• _WHAT IS NEEDED_
What's needed is the listing below, repeated word for word with no pictures.

• _DATA SECTION_
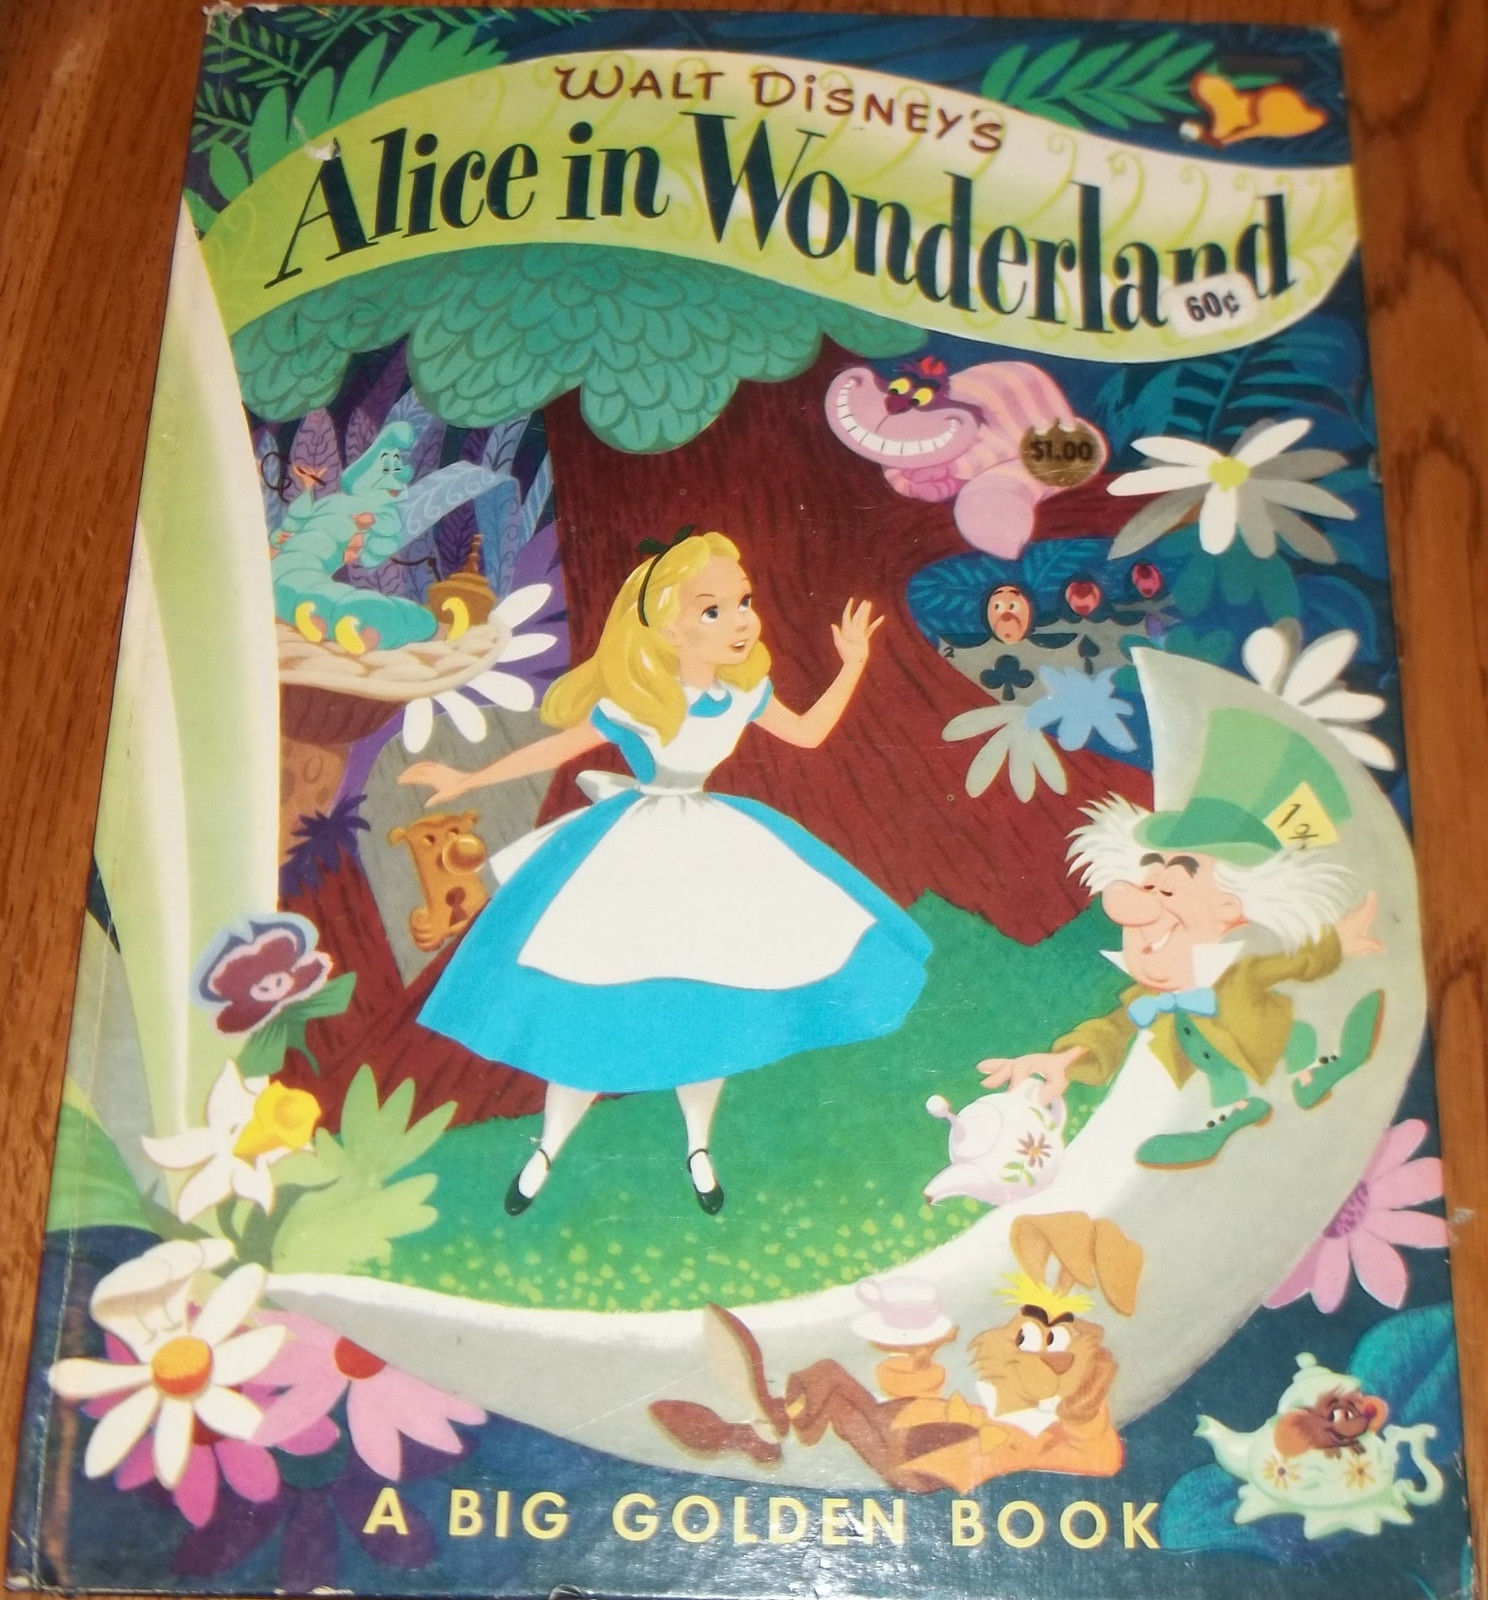 https://static.wikia.nocookie.net/disney/images/b/bc/Alice_in_wonderland_big_golden_book.JPG/revision/latest?cb=20131214005111
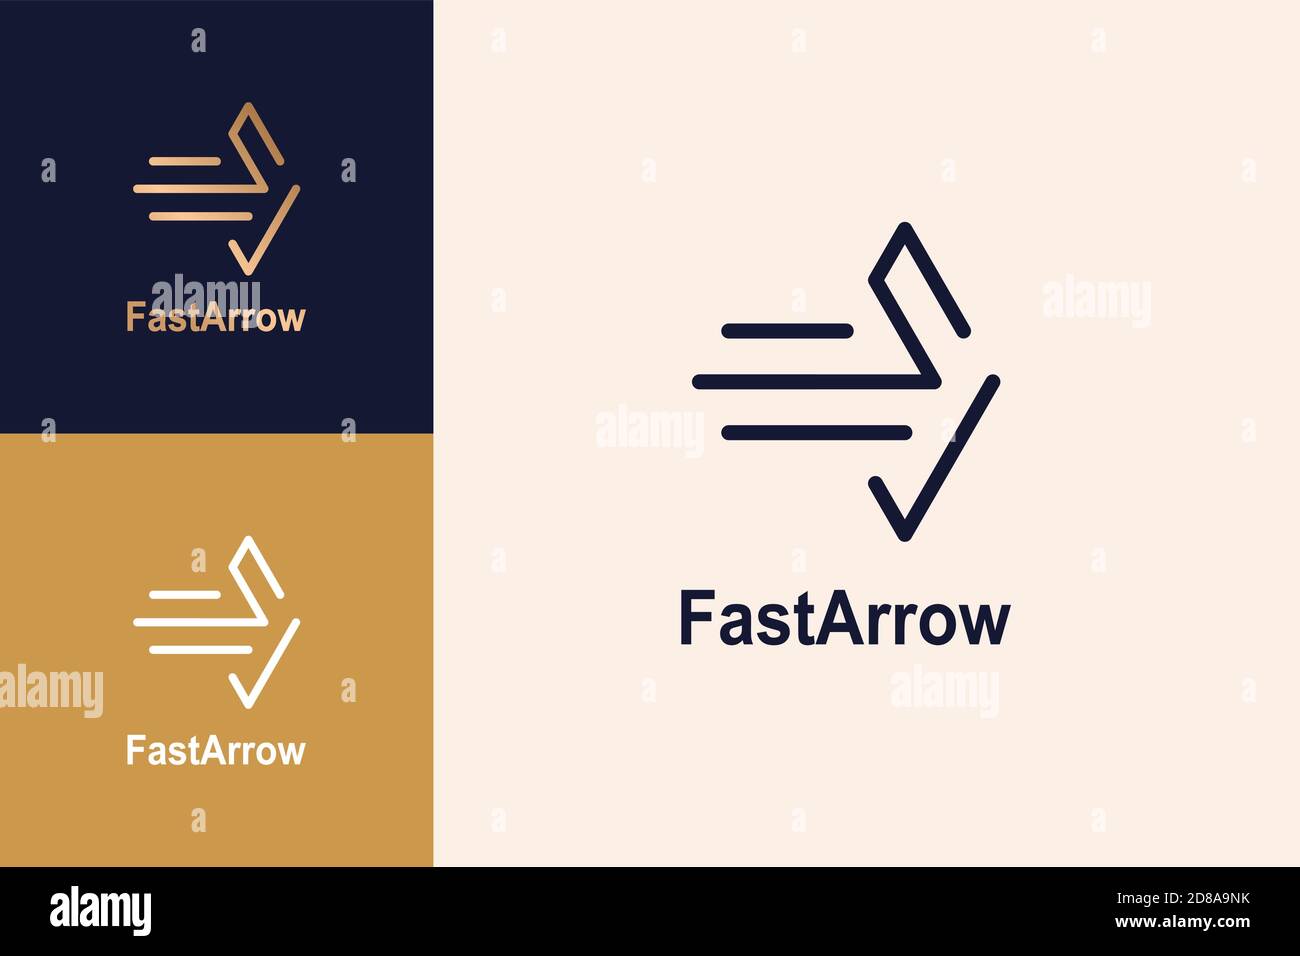 Fast arrow logo design concept, line style. Stock Vector
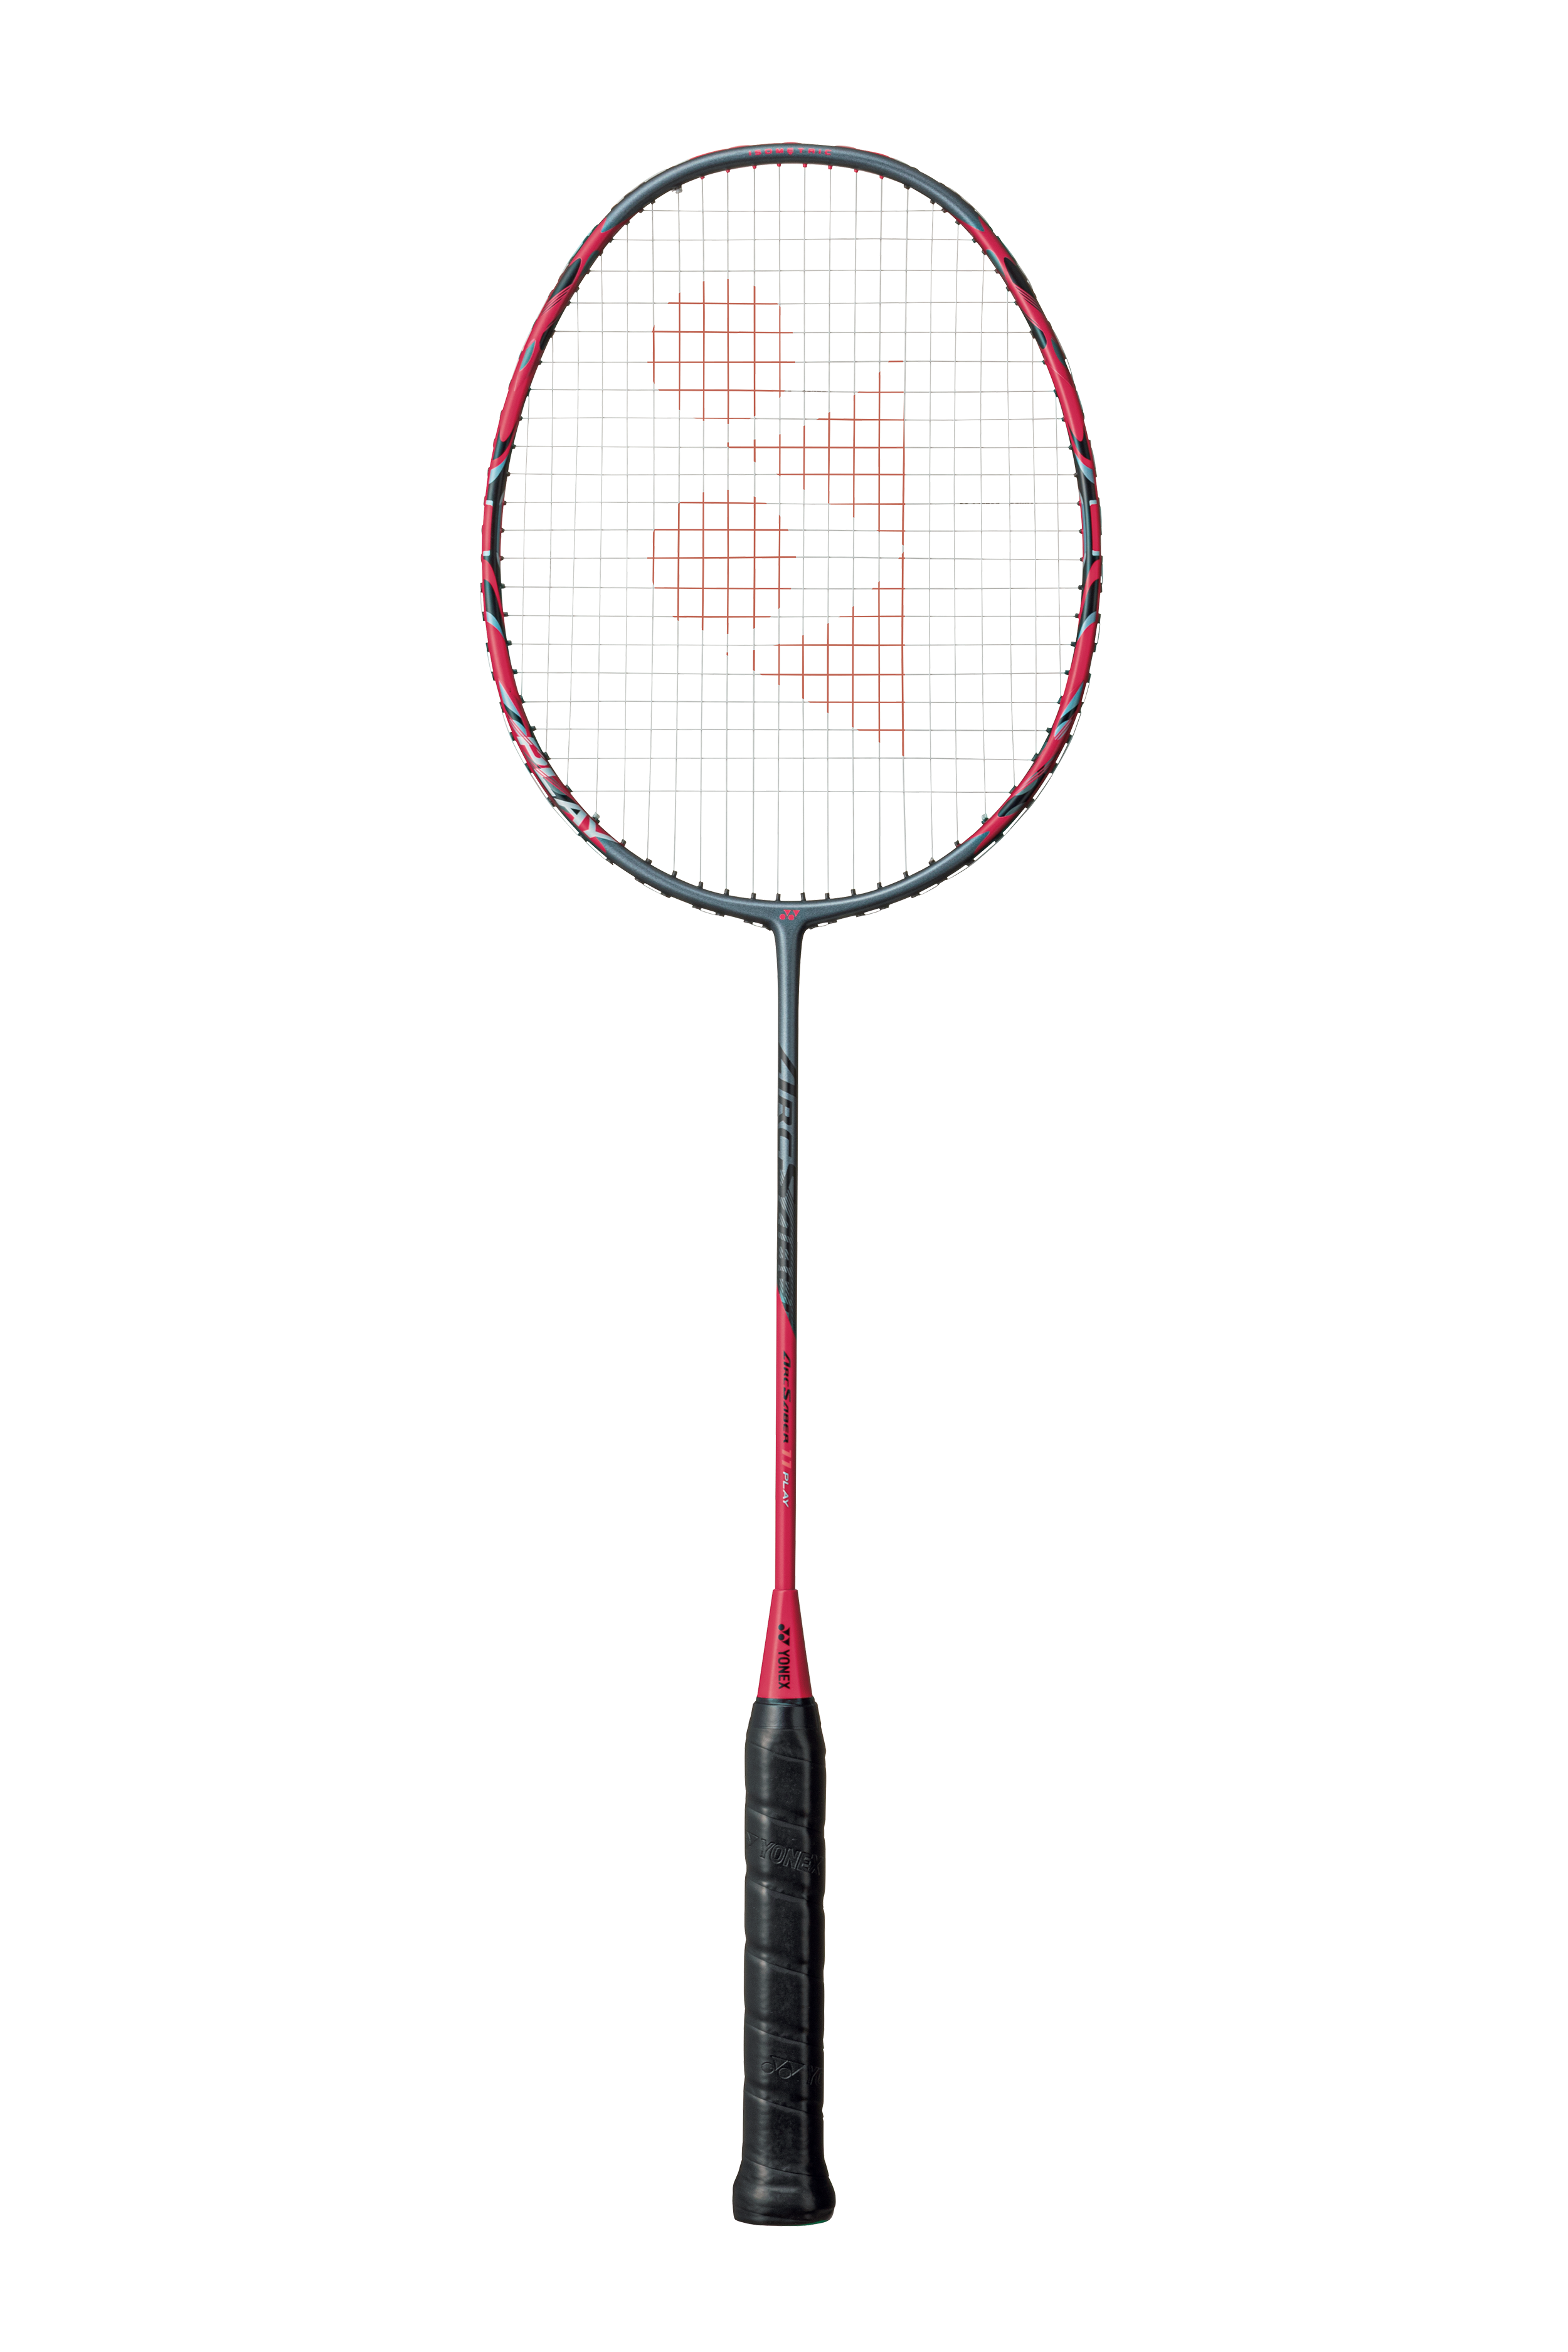 YONEX Arcsaber 11 PLAY Badminton Racquet (Grayish Pearl) 4U6 Strung ARC11-PL

• _SOLUTION FOR THIS EXERCISE_
 https://static.wikia.nocookie.net/disney/images/b/bc/Alice_in_wonderland_big_golden_book.JPG/revision/latest?cb=20131214005111
 Fast arrow logo design concept, line style. Stock Vector
 YONEX Arcsaber 11 PLAY Badminton Racquet (Grayish Pearl) 4U6 Strung ARC11-PL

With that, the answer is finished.